A key finding is the extensive variation in microbiome composition from person to person, even in healthy individuals. There is not a single "normal" or core microbiome; everyone has a personalized microbiome. Nevertheless, different bacterial species may be doing similar jobs in different people. For example, the metabolic processes required to digest complex carbohydrates in the gut may be performed by different bacteria in different individuals.
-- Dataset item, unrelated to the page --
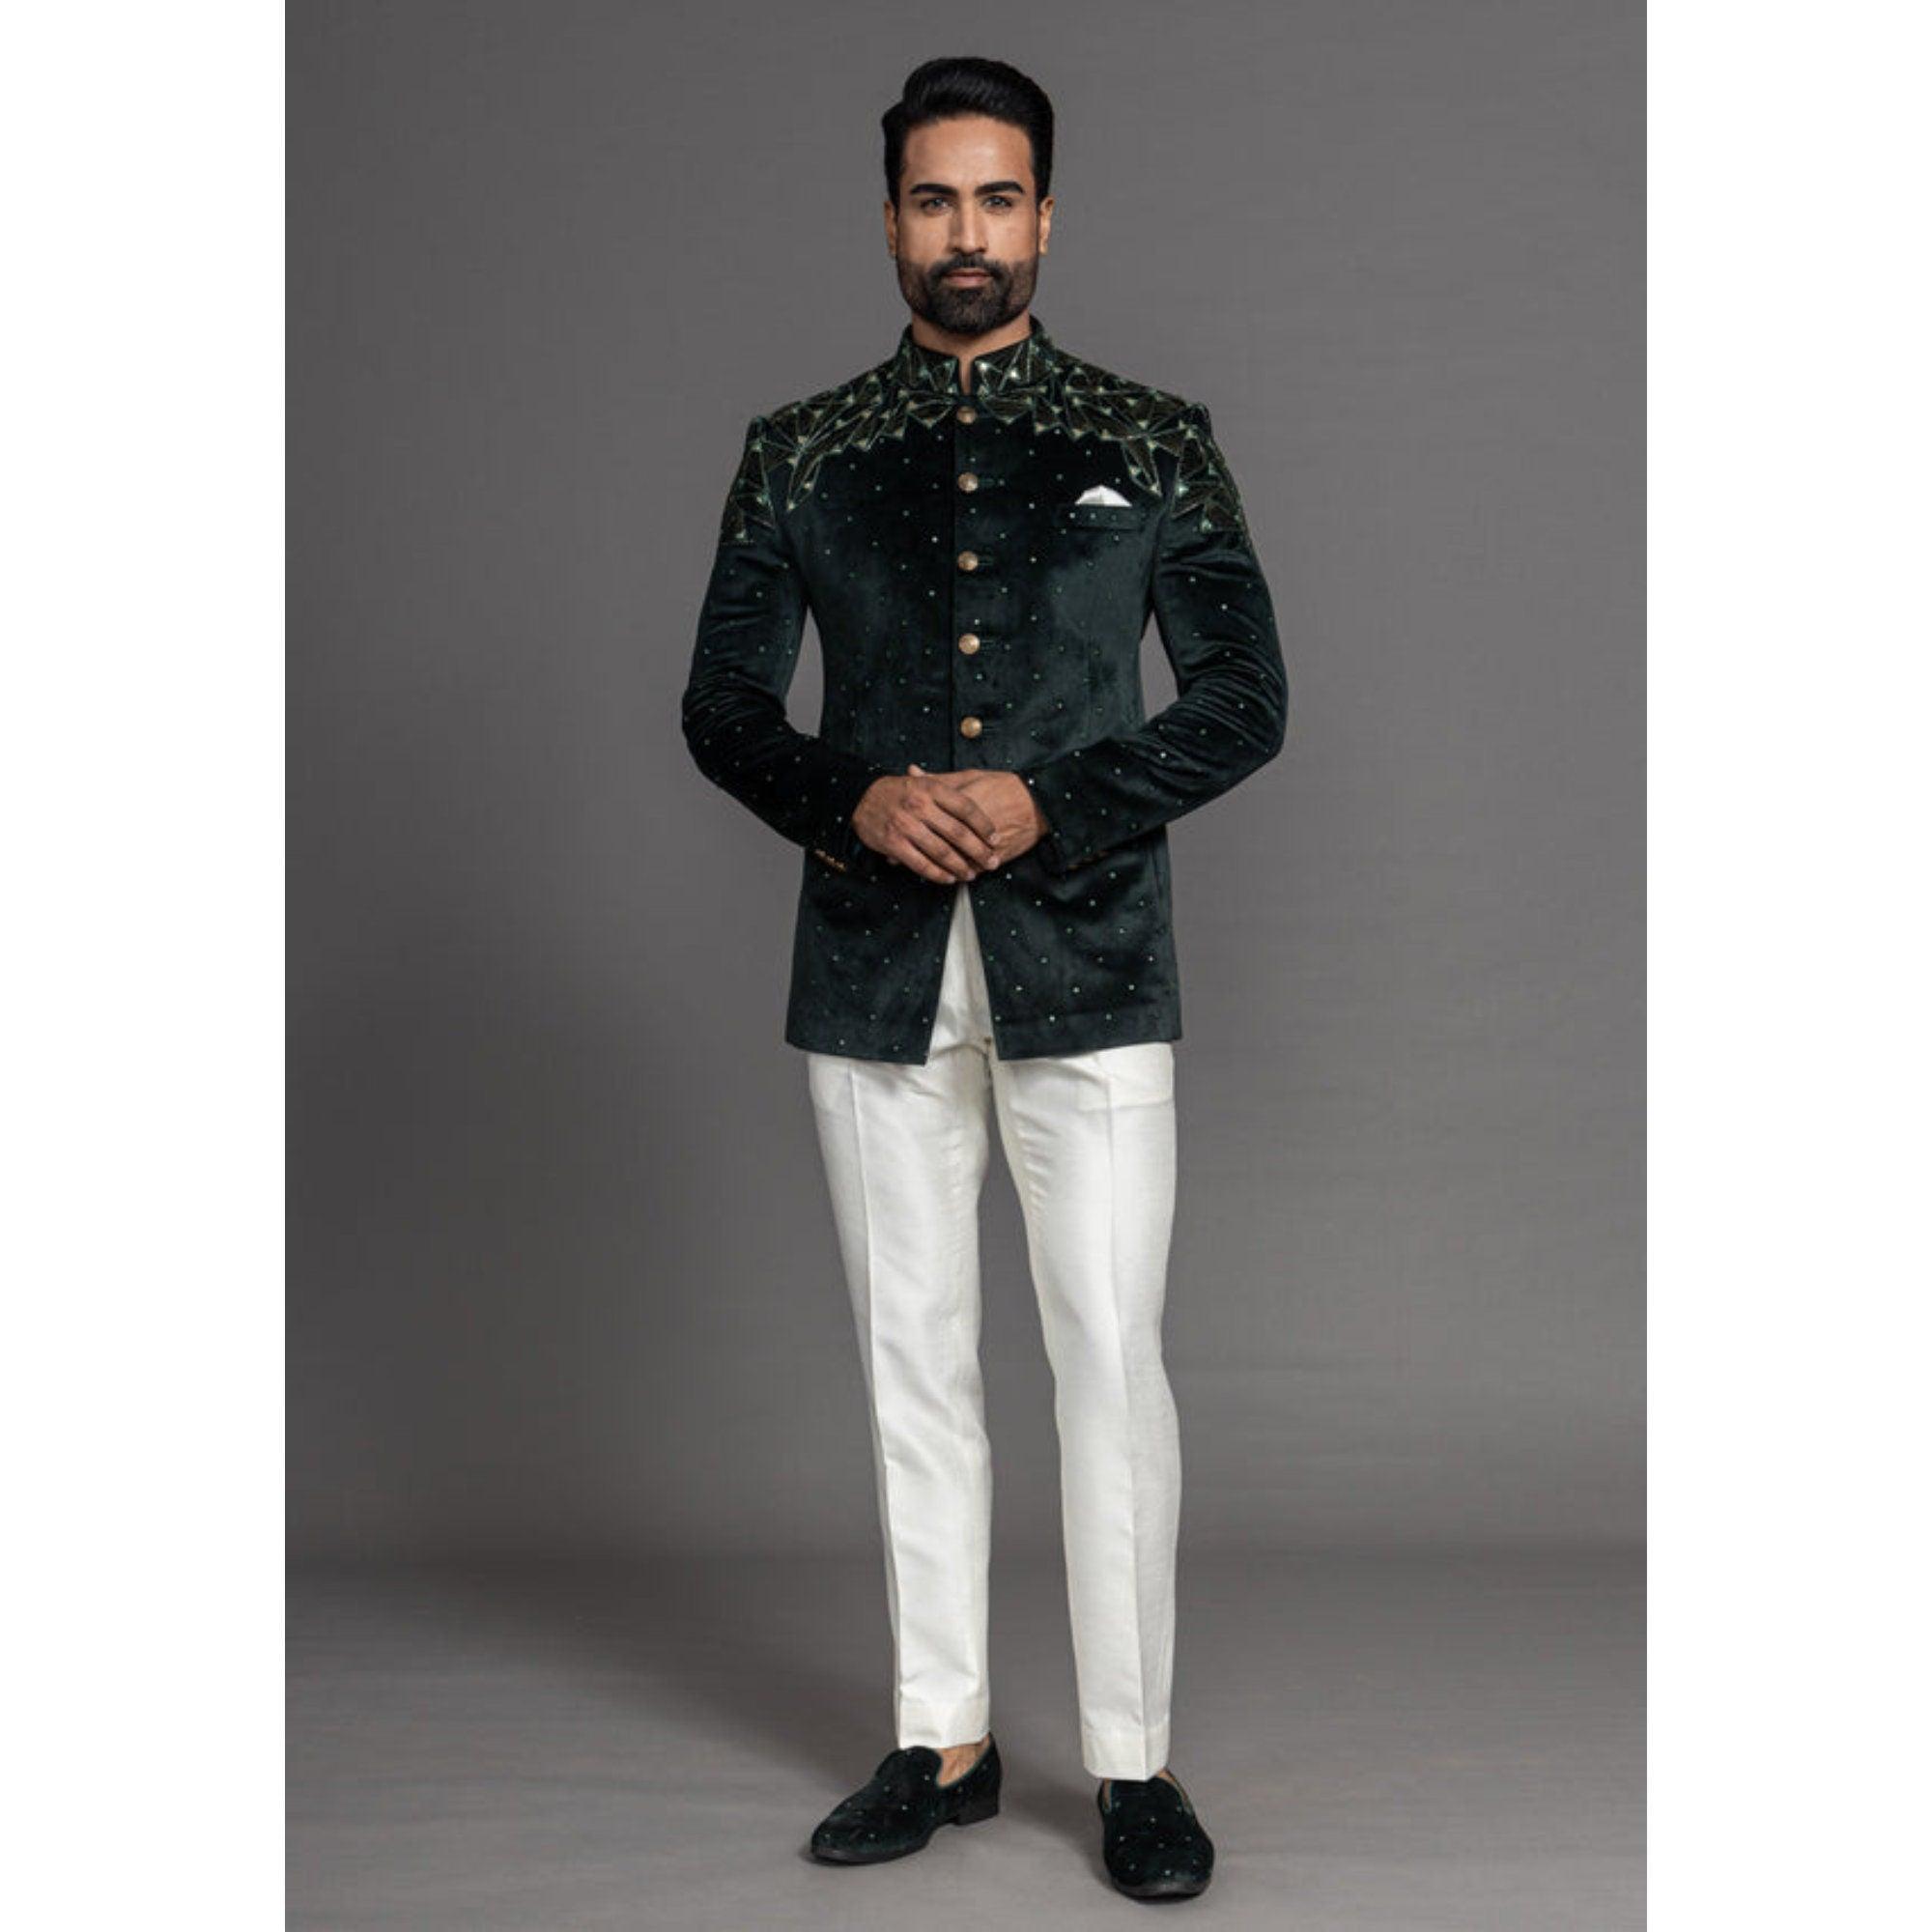 Buy Black Zari Embroidered Italian Jodhpuri Suit Online | Samyakk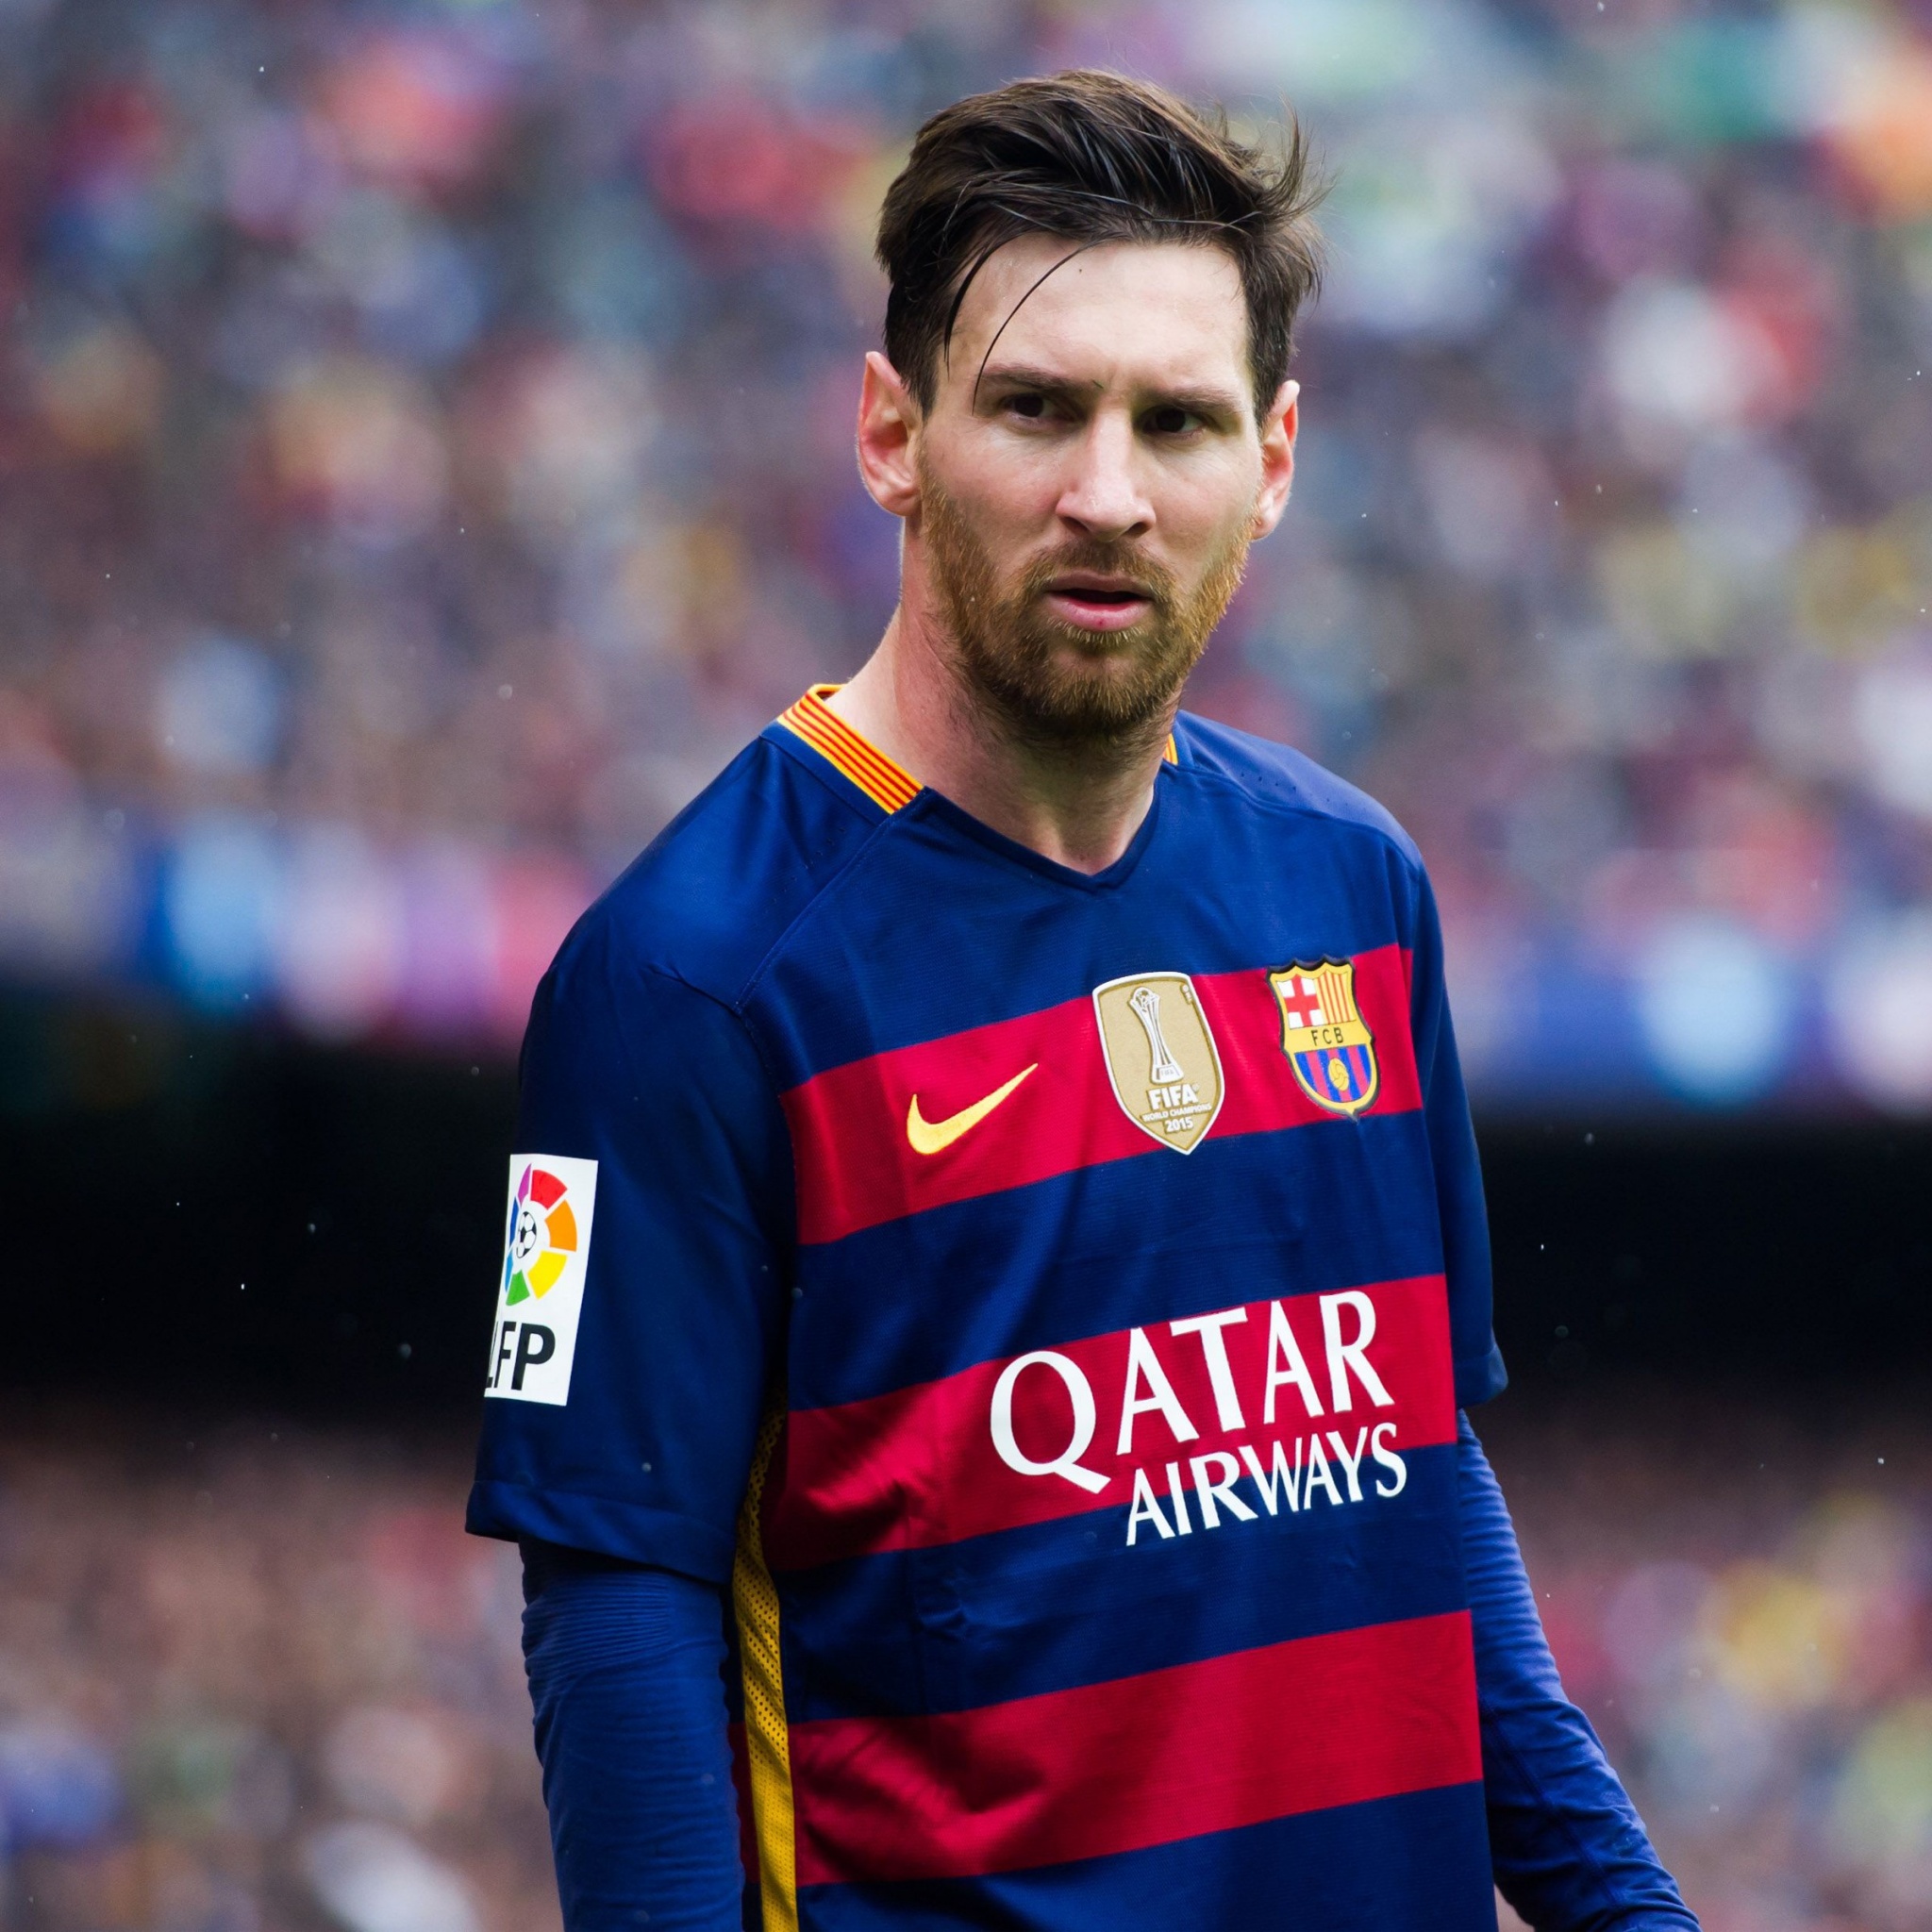 Nếu bạn đam mê về thể thao và đặc biệt là Lionel Messi, hãy đến xem những hình nền về ngôi sao này với phong cách thể thao đầy sức hút. Không chỉ là hình ảnh, mà còn là cảm giác hưng phấn về thể thao!

Notably, researchers observed that most communities of microbes are distinct from one another (such as those on the skin, in the intestine, mouth, and vagina) and do not appear to mix, and not every body site contained members of all the major groups, or phyla, of bacteria known to colonize the human body. Rather, specific groups of microorganisms colonize distinct anatomical niches. Each body site showed a few core or "signature" bacteria with characteristic genes linked to that site, although the relative abundances of these bacteria varied from person to person.

The collections of microbes within different body regions show a surprising degree of diversity. Oral and stool samples had the highest numbers of different types of organisms, followed by the superficial skin samples. The vagina had the least bacterial diversity. There were also substantial differences in the diversity and composition of microbial communities between samples taken from different sites within the same body region, for example, from different areas of the skin.

When the researchers examined which microbes were present, they did not find genes commonly associated with highly pathogenic bacteria, but they did find organisms that are considered opportunistic - ones that can cause disease under certain circumstances. For example, they found Staphylococcus aureus in the noses of 30 percent of the subjects and Escherichia coli in the stools of 15 percent. The absence of disease-causing organisms from the microbiome suggests that people acquire these pathogens from other sources.